Buddy Turman
- Buddy Turman c. 1956

Personal information
- Nickname: Buddy
- Born: Reagan Garth Turman April 12, 1933 Noonday, Texas, U.S.
- Died: April 1, 2007 (aged 73) Longview, Texas, U.S.
- Height: 6 ft 0 in (1.83 m)
- Weight: Heavyweight

Boxing career
- Reach: 72 in (183 cm)
- Stance: Orthodox

Boxing record
- Total fights: 62
- Wins: 46
- Win by KO: 32
- Losses: 15
- Draws: 1

= Buddy Turman =

American boxer

Reagan Garth "Buddy" Turman (April 12, 1933 – April 1, 2007) was an American professional boxer who competed in the Heavyweight division.

==Boxing career==
In his two years as an amateur in Texas, Turman accrued 20 wins and 5 losses, and one draw, he set a record for the quickest knockout in National AAU history.

Turman fought his first professional match in September 1954, against Bobby Babcock, which he won. Five months later, Turman became the first white man to legally fight an African-American in Texas thanks to the efforts of African-American I. H. "Sporty" Harvey, who had successfully challenged boxing segregation in court. Turman won the match against Harvey on February 24, 1955, and won a rematch in June 1955.

In November 1955, with 11 wins and one loss, Turman fought Roy "Cut-n-Shoot" Harris for the Texas Heavyweight Championship in Tyler, Texas. Turman lost the fight in a controversial decision, which allowed Harris to move on to fight Floyd Patterson for the World Heavyweight Title. This decision severely hampered Turman's chances of winning the World Title.

Two years later, with 25 wins and only 3 losses, Turman faced Oscar Pharo for a second time. In the third fight of his professional career, Turman had been beaten by a more experienced Pharo on points. In the rematch, Turman won on a KO within 59 seconds of the first round.

In May 1959, at Madison Square Garden, Turman defeated Bob Cleroux, who a year later would win the Canadian Heavyweight Title. The next year, Turman faced World Light-Heavyweight Champion and World Heavyweight Contender, Archie Moore, in Dallas, Texas. Moore won by decision. However, Cassius Clay, who was in attendance, afterwards expressed to Turman his dismay at the judges' decision. Moore publicly acknowledged that Turman should be considered one of the top five heavyweights in the world. Turman subsequently spent time at Moore's training camp in San Diego, where Clay was also training.

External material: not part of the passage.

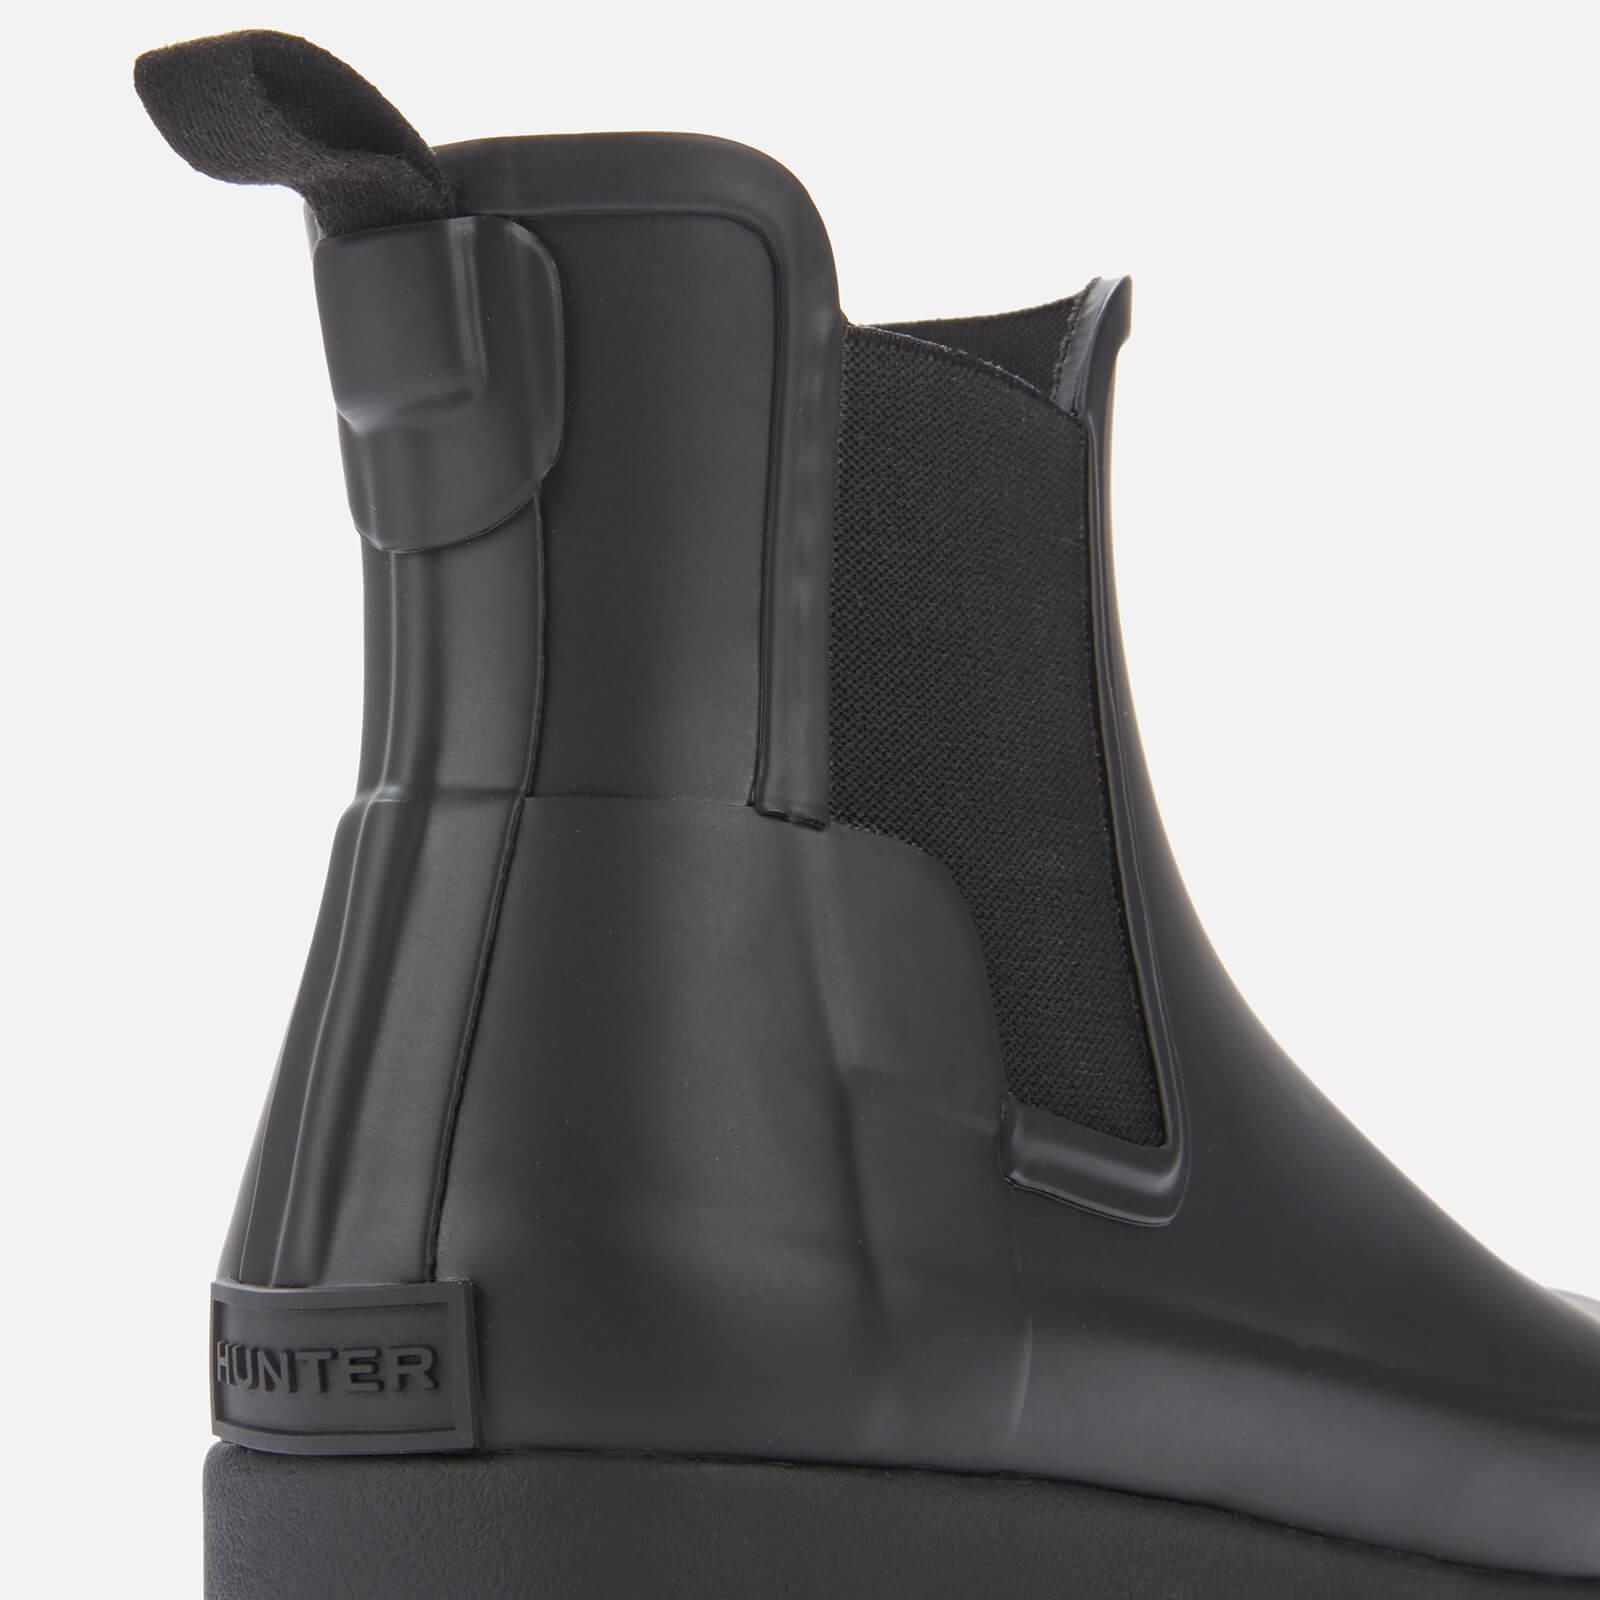 HUNTER Rubber Women's Original Refined Chelsea Boots in Black

Turman began fighting abroad in 1961, in Manila, Philippines where a rematch was scheduled with Moore. However, Moore postponed the fight by three weeks after Turman had already arrived. This left Turman badly out of practice by the time of the fight, as there were no local heavyweights to spar with. Moore won by unanimous decision. Turman subsequently fought in Italy, South Africa, Germany, and England. He won his last match, which he fought against Rudolf Nehring on December 15, 1967, in Munich, Germany.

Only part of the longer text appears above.